Although stone size and composition were not found to affect the final outcomes of this particular modality, similar to all other available management options, the complexity of the pelvicaliceal system has been identified as a critical factor because of its impact on the success of all available treatment modalities for stones. ^6,8 In contrast, this concept (the critical impact of caliceal anatomy) was also added to the agenda of endourologists based on the available clinical guidelines. Anterior caliceal stones represent a challenge to endourologists in selecting the best management modality with higher success rates and, of course, the least morbidity. Related to this issue, highly limited information can be derived from the published literature focusing on the proper management of the anterior caliceal. ¹⁷ El-Shazly stated that PCNL is a feasible modality for treating large anterior caliceal stones (>15 mm) with a high stone clearance rate and that RIRS is a good alternative to PCNL, with the advantages of less radiation exposure and less bleeding. ¹² Our study, with its relatively larger number of cases, sheds light on the rational management of stones smaller than 15 mm.

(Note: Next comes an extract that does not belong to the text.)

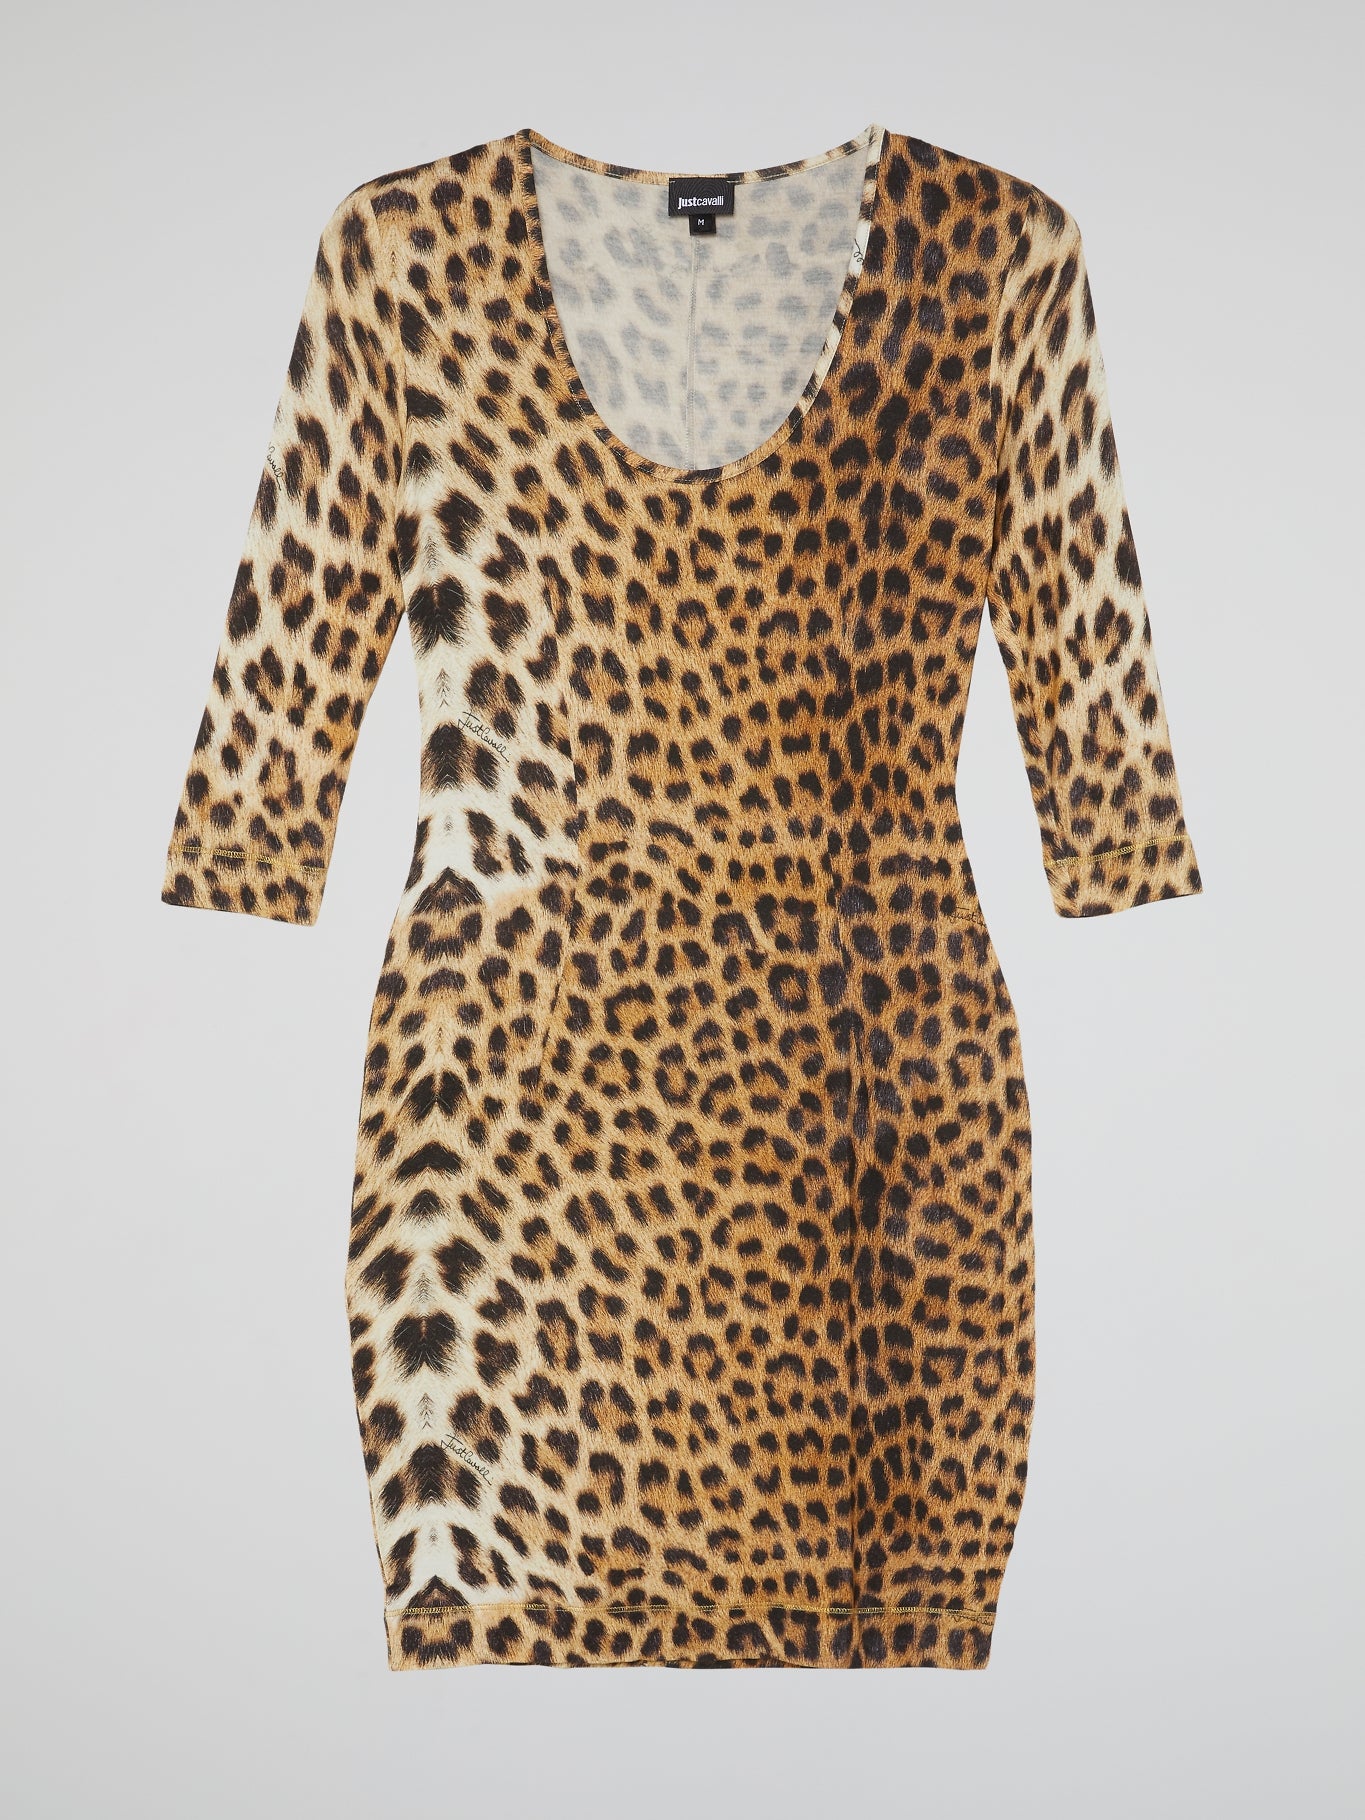 Leopard Print Scoop Neck Dress

Mini-PCNL has superior stone-free rates, whereas fURS is associated with fewer complications and bleeding. ^18,19 We also observed that stone-free rates were better with mini-PCNL, especially for lower pole stones. Although innovations have been developed in fURS, this procedure may not be sufficient for extracting and clearing lower pole stones in all patients. ²⁰ However, we observed that both mini-PCNL and fURS had similar stone-free rates in middle and upper pole anterior calix stones. In contrast, in addition to fewer complications and less bleeding, fURS had a shorter fluoroscopy, operation time, and hospital stay, which are valuable advantages over mini-PCNL. When we consider all of these findings together, we think that fURS and mini-PCNL are alternatives to each other, depending on surgical experience and equipment availability.

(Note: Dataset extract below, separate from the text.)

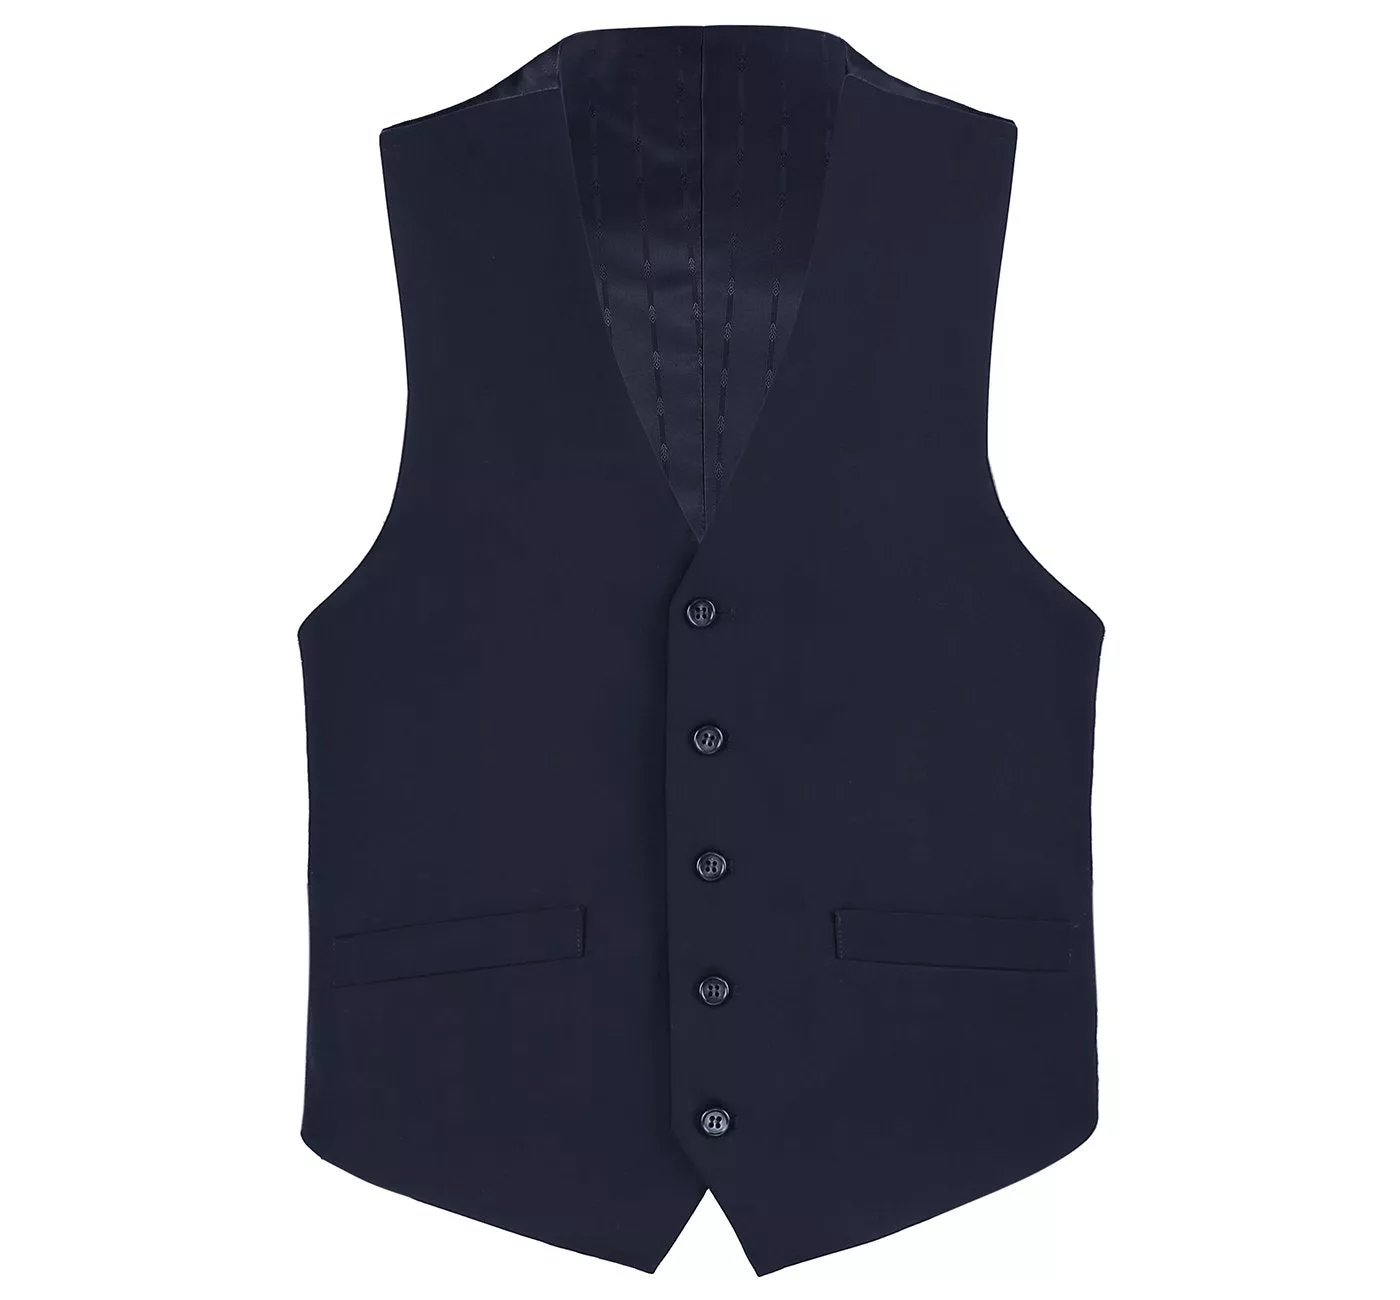 Men's Business Suit Vest Regular Fit Dress Suit Waistcoat

Our study has some limitations. First, the retrospective nature of the methodology could lead to certain limitations. In addition, the patient population was relatively low because patients with isolated anterior caliceal stones, which were selective locations with many exclusion criteria, were also examined. In addition, the anatomical structures of all patients might not be exactly the same, but similar anterior calix positioning of the stones and the application of the same procedure by a single surgeon are the advantages of this study. Another limitation might be that in mini-PCNL, we evaluated the anterior and posterior access together. In our clinical approach, we preferred to try posterior calix puncture first, but we used anterior calix access in patients in whom the stone could not be reached with posterior calix puncture. We believe that it would be more accurate to compare patients with fURS with both posterior and anterior access in mini-PCNL procedures. In addition, another treatment alternative for the patients in our study could have been SWL. We offered SWL to some patients, especially those who could not tolerate the operation. However, our main purpose in this study was to compare fURS and mini-PCNL.

Conclusions

Surgical intervention for anterior calix stones should be evaluated differently in addition to stone size and the pole in which the stone is located. Mini-PCNL has much better stone-free rates especially in lower pole stones; in contrast, less radiation exposure, shorter hospital stay, and fewer postoperative complications are the prominent advantages of fURS. The decision on which intervention to perform in anterior calix stones would be made on a patient-by-patient basis, depending on surgical experience and equipment availability, and it should not be forgotten that the two interventions could be alternatives to each other.